# Regional muay thai



## brokenbonz (Dec 18, 2005)

does anybody knows a way to clarify the differences among systems such as muay chaya, muay korat etc? are those systems still practiced or are most of them blended in modern-day muay thai?


----------



## AdrenalineJunky (Dec 19, 2005)

brokenbonz said:
			
		

> does anybody knows a way to clarify the differences among systems such as muay chaya, muay korat etc? are those systems still practiced or are most of them blended in modern-day muay thai?


 
Yes and yes. Here's some info that jives with the research I've done. It's quick and easy. Otherwise we get into cambodian influence, burmese influences, indonesian influences, etc., and that is a lot of typing. This sums it up pretty well, while not contrasting to the research I've done. 

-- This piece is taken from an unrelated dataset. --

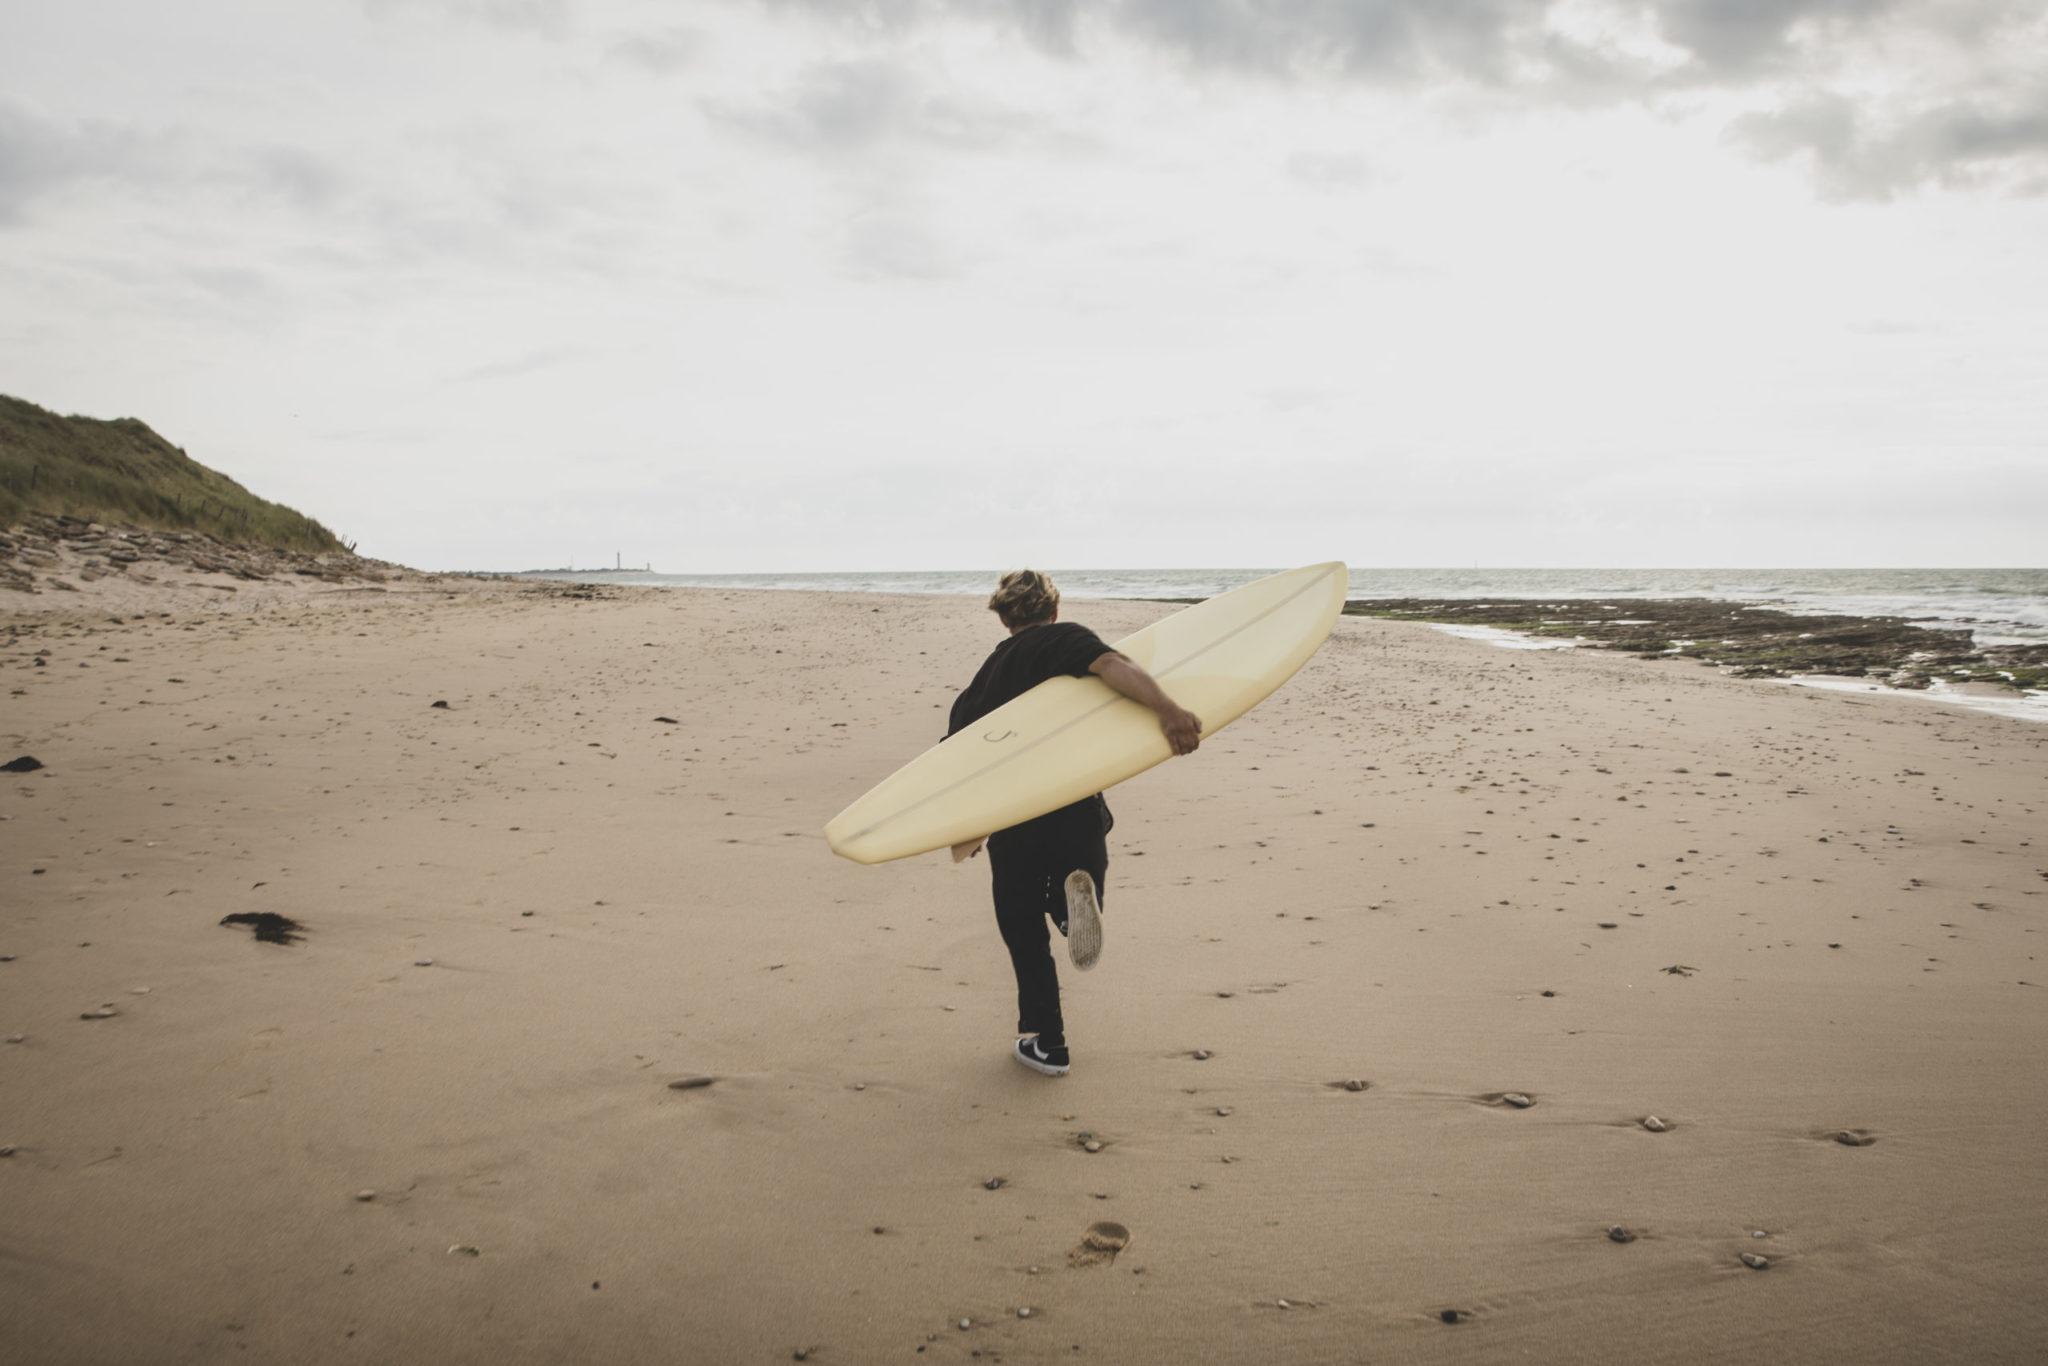 cachalot surfboards artisan hand shaper surf bois hollow wooden eps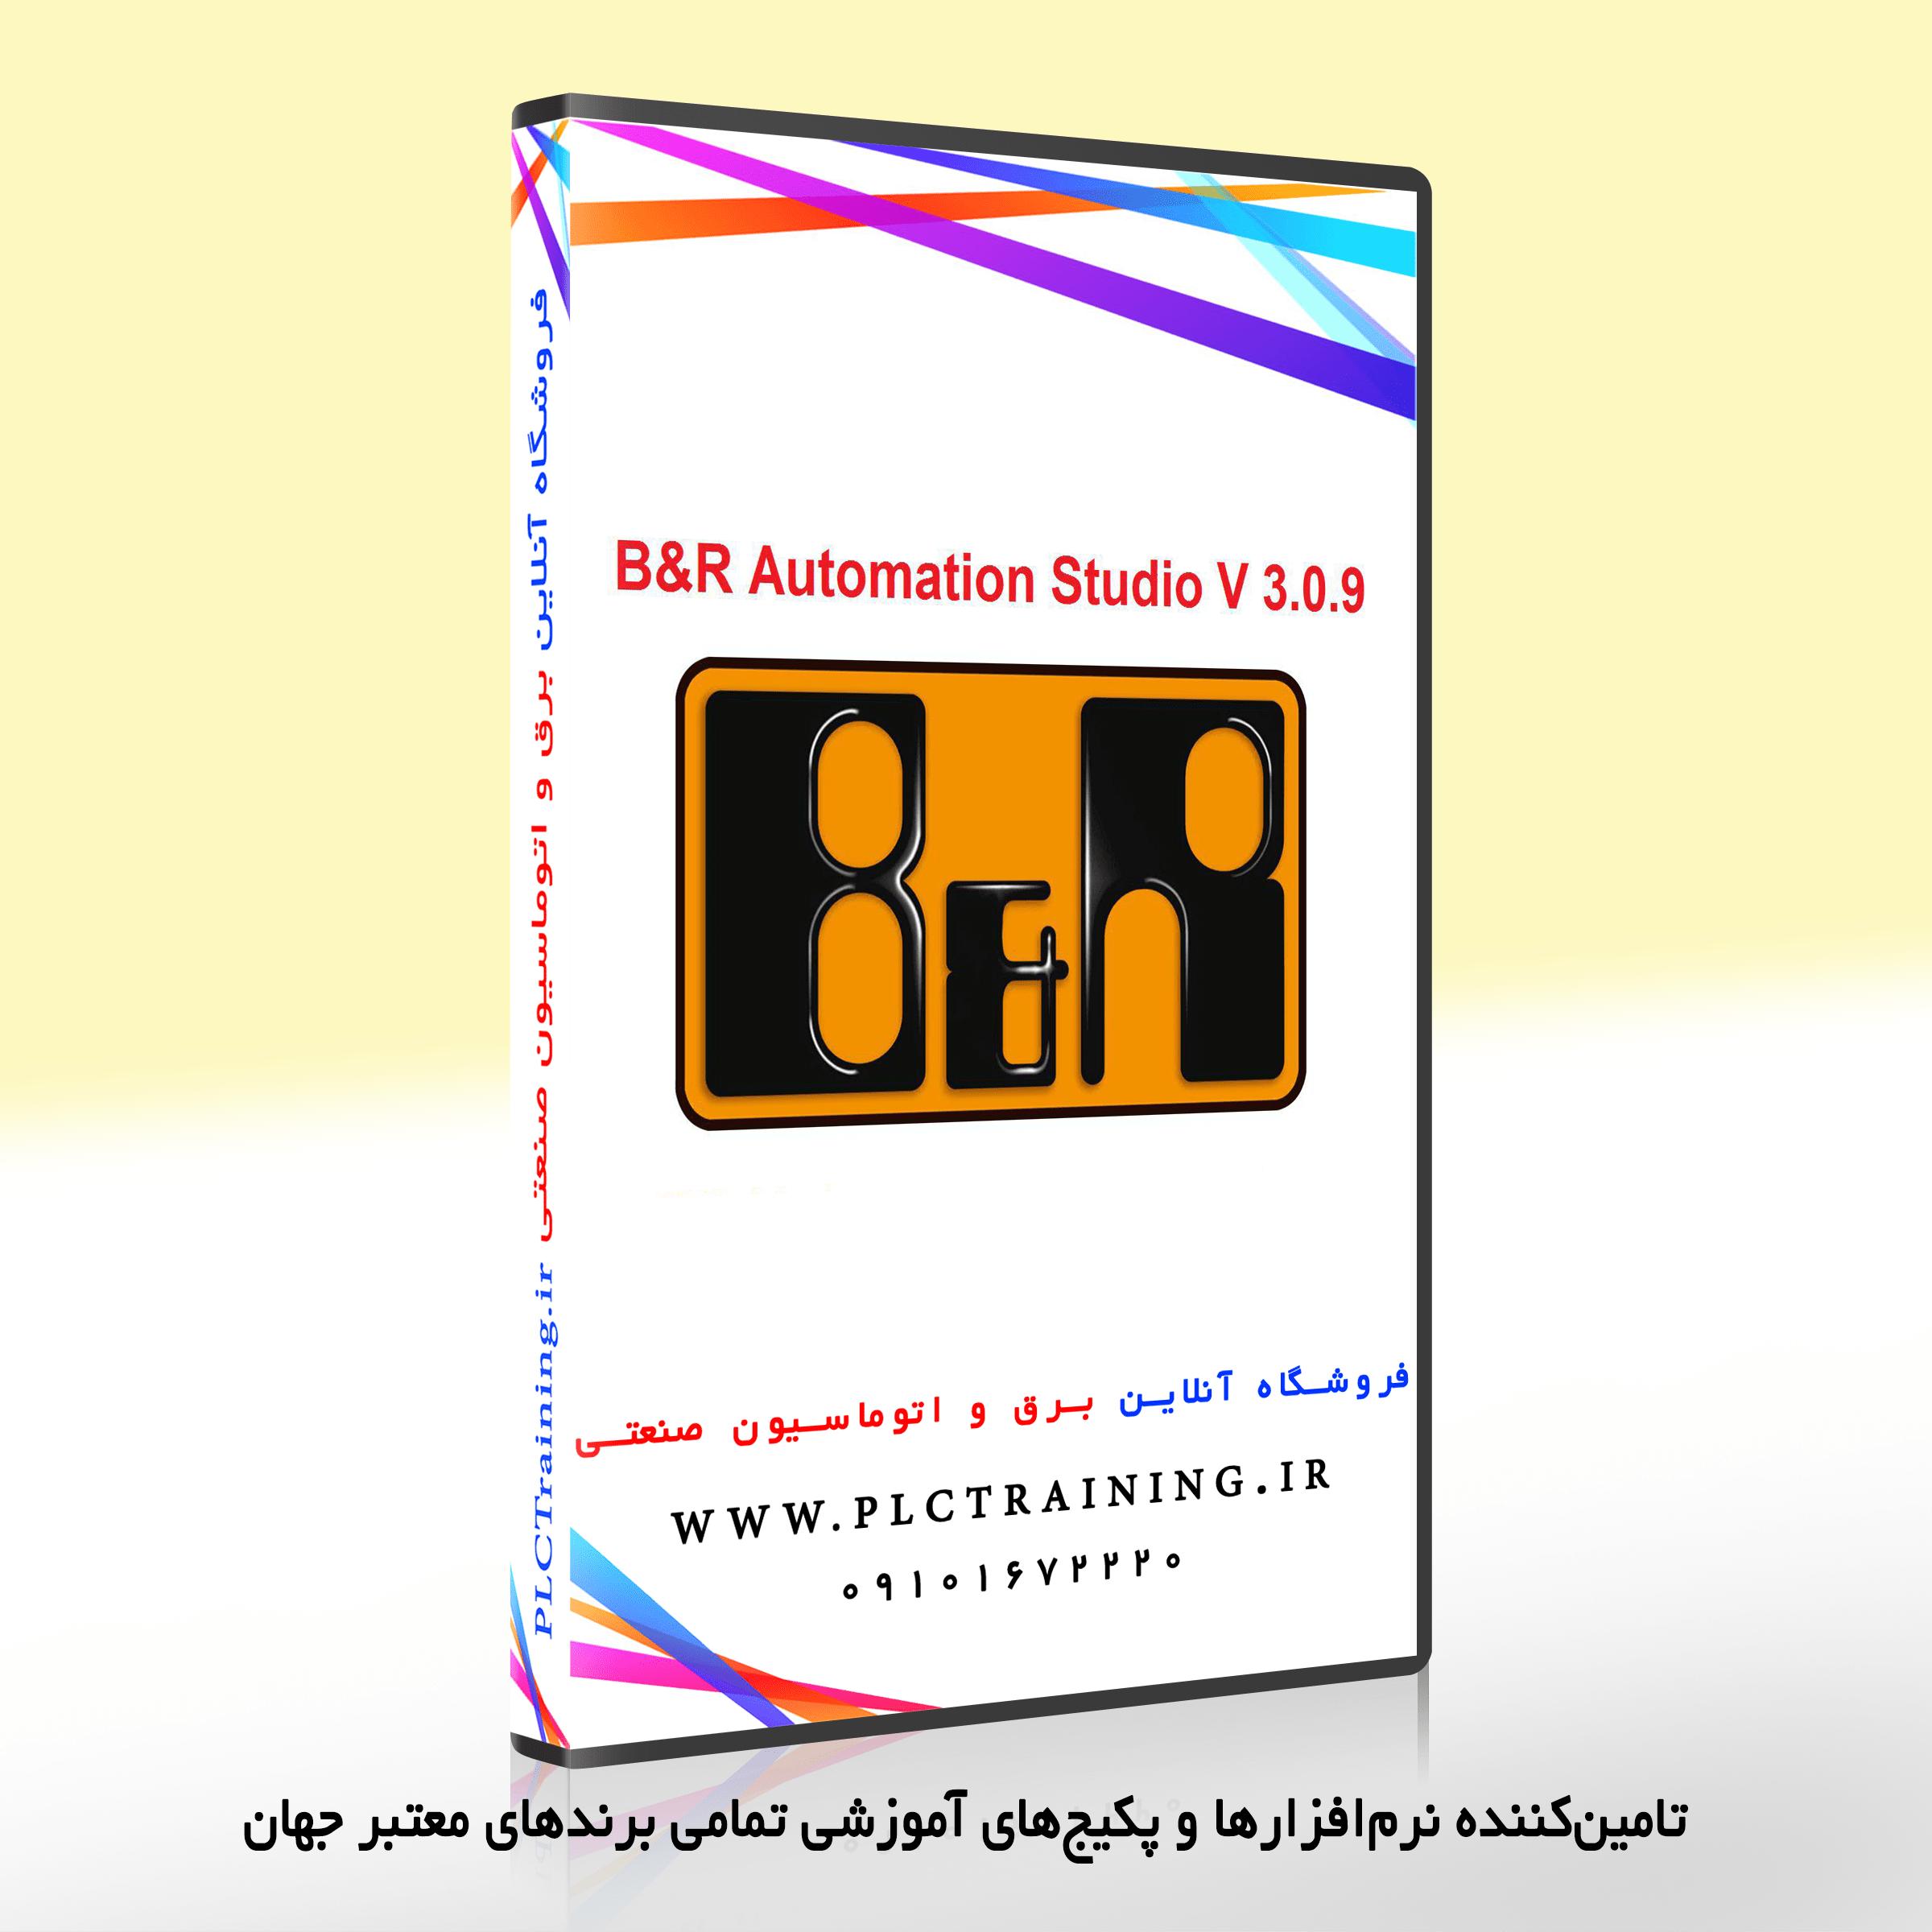 b&r automation studio download

http://www.ancientmuaythai.com/styles/muay_thai.htm


----------



## brokenbonz (Dec 20, 2005)

AdrenalineJunky said:
			
		

> Yes and yes. Here's some info that jives with the research I've done. It's quick and easy. Otherwise we get into cambodian influence, burmese influences, indonesian influences, etc., and that is a lot of typing. This sums it up pretty well, while not contrasting to the research I've done.
> 
> http://www.ancientmuaythai.com/styles/muay_thai.htm


 
pretty cool site man, thanx


----------



## AdrenalineJunky (Dec 21, 2005)

brokenbonz said:
			
		

> pretty cool site man, thanx


 
That's what I'm here for.


----------